Identification of a Novel Serum Proteomic Signature for Primary Sjögren's Syndrome

Abstract

Context: Primary Sjögren's syndrome (pSS) is a complex heterogeneous autoimmune disease (AID) which can mimic rheumatoid arthritis (RA) or systemic lupus erythematosus (SLE). Our exploratory study investigated serum biomarkers that may discriminate pSS from RA and SLE.

Methods: Serum concentrations of 63 biomarkers involved in immune cell trafficking, inflammatory response, cellular movement, and cell-to-cell signaling were measured in AID patients, included prospectively into the study at the Montpellier University Hospital. A multivariate analysis by multiple logistic regression was performed, and discriminative power assessed using logistic regression adjusted on significant demographic factors.

Results: Among the 95 patients enrolled, 42 suffered from pSS, 28 from RA, and 25 from SLE. Statistical analysis showed that concentrations of BDNF (OR = 0.493 with 95% CI [0.273-0.891]; p = 0.0193) and I-TAC/CXCL11 (OR = 1.344 with 95% CI [1.027-1.76]; p = 0.0314) can significantly discriminate pSS from RA. Similarly, greater concentrations of sCD163 (OR = 0.803 with 95% CI [0.649-0.994]; p = 0.0436), Fractalkine/CX3CL1 (OR = 0.534 with 95% CI [0.287-0. 991]; p = 0.0466), MCP-1/CCL2 (OR = 0.839 with 95% CI [0.732-0.962]; p = 0.0121), and TNFa (OR = 0.479 with 95% CI [0.247-0.928]; p = 0.0292) were associated with SLE diagnosis compared to pSS. In addition, the combination of low concentrations of BDNF and Fractalkine/CX3CL1 was highly specific for pSS (specificity 96.2%; positive predictive value 80%) compared to RA and SLE, as well as the combination of high concentrations of I-TAC/CXCL11 and low concentrations of sCD163 (specificity 98.1%; positive predictive value 75%).

Conclusion: Our study highlights biomarkers potentially involved in pSS, RA, and SLE pathophysiology that could be useful for developing a pSS-specific diagnostic tool.

Keywords: biomarkers; primary Sjögren syndrome; proteomics; rheumatoid arthritis; systemic lupus erythematosus.

Figure 1

Heatmap representing the classification of diseases and functions by ingenuity pathway analysis (IPA). The visualization is a hierarchical heat map of functional categories generated by IPA software in which the major boxes represent a family (or category) of related functions. Within each box, each individual rectangle is a sub-function linked to the biological function of a group of proteins. The size of a rectangle is correlated with increasing overlap significance among the proteins members of the related function and the query proteins.

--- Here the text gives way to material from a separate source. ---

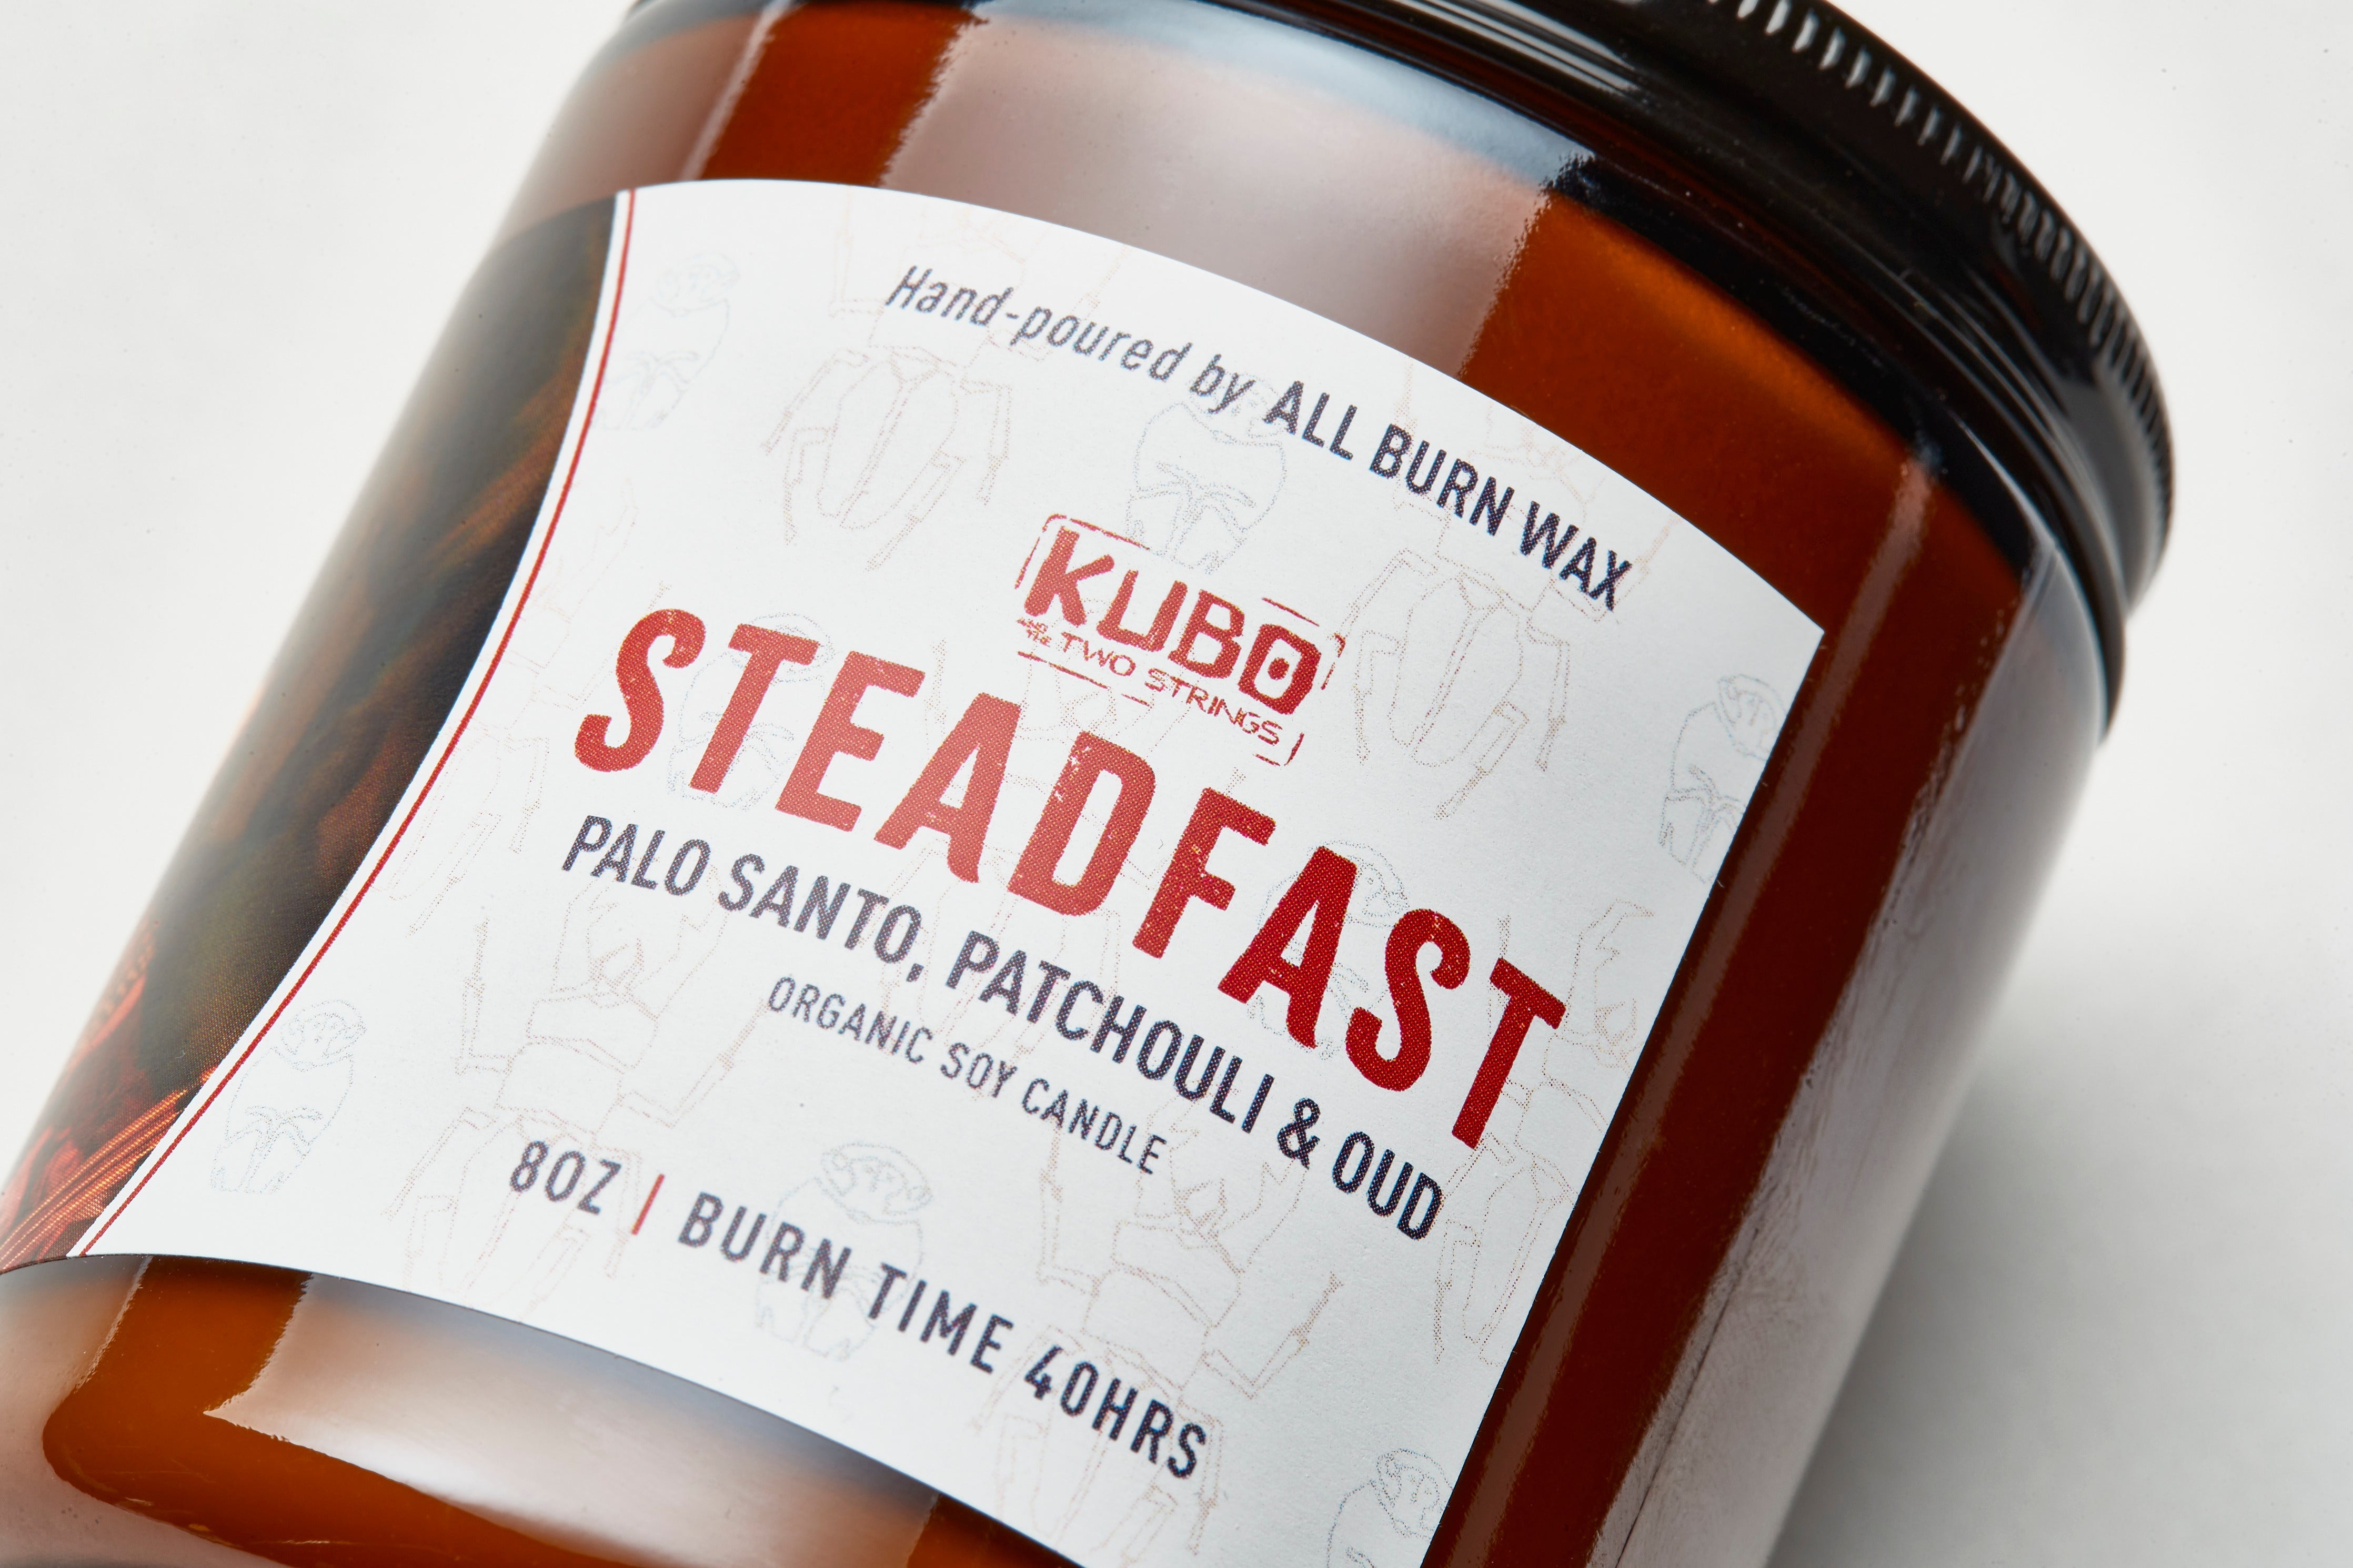 Kubo 'Steadfast' Organic Soy Candle

The color scheme shown is based on z-scores, with activation in orange, inhibition in blue and undetermined functions in gray. Darker shades indicate higher absolute z-score heat map. For instance, most ‘Inflammatory response’, ‘Cellular movement’, ‘Immune cell trafficking’, ‘Cell-to-cell signaling and interaction’, ‘Hematological system development and function’ proteins were over-represented.

Figure 2

Functional and upstream regulatory networks. The most significant networks included proteins related to: (A) Cell-to-cell signaling and interaction, and cellular movement, (B) immune cell trafficking and inflammatory response, (C) organismal functions, hematological disease, and metabolic disease, (D, E) top-scoring network of regulator effects activated in the list of 63 biomarkers. Protein interaction networks were constructed using the ingenuity pathway analysis (IPA) software. Nodes shaded in pink represent proteins present in the list of 63 biomarkers; red nodes are proteins that are CXCL11 (I-TAC), CX3CL1 (Fractalkine), Brain Derived Neurotrophic Factor (BDNF), and sCD163; and proteins that are not found in the list of 63 biomarkers are in white. Dotted lines indicate indirect molecular interactions between proteins and continuous lines between nodes indicate direct functional interactions between connected proteins. Orange lines lead to activation.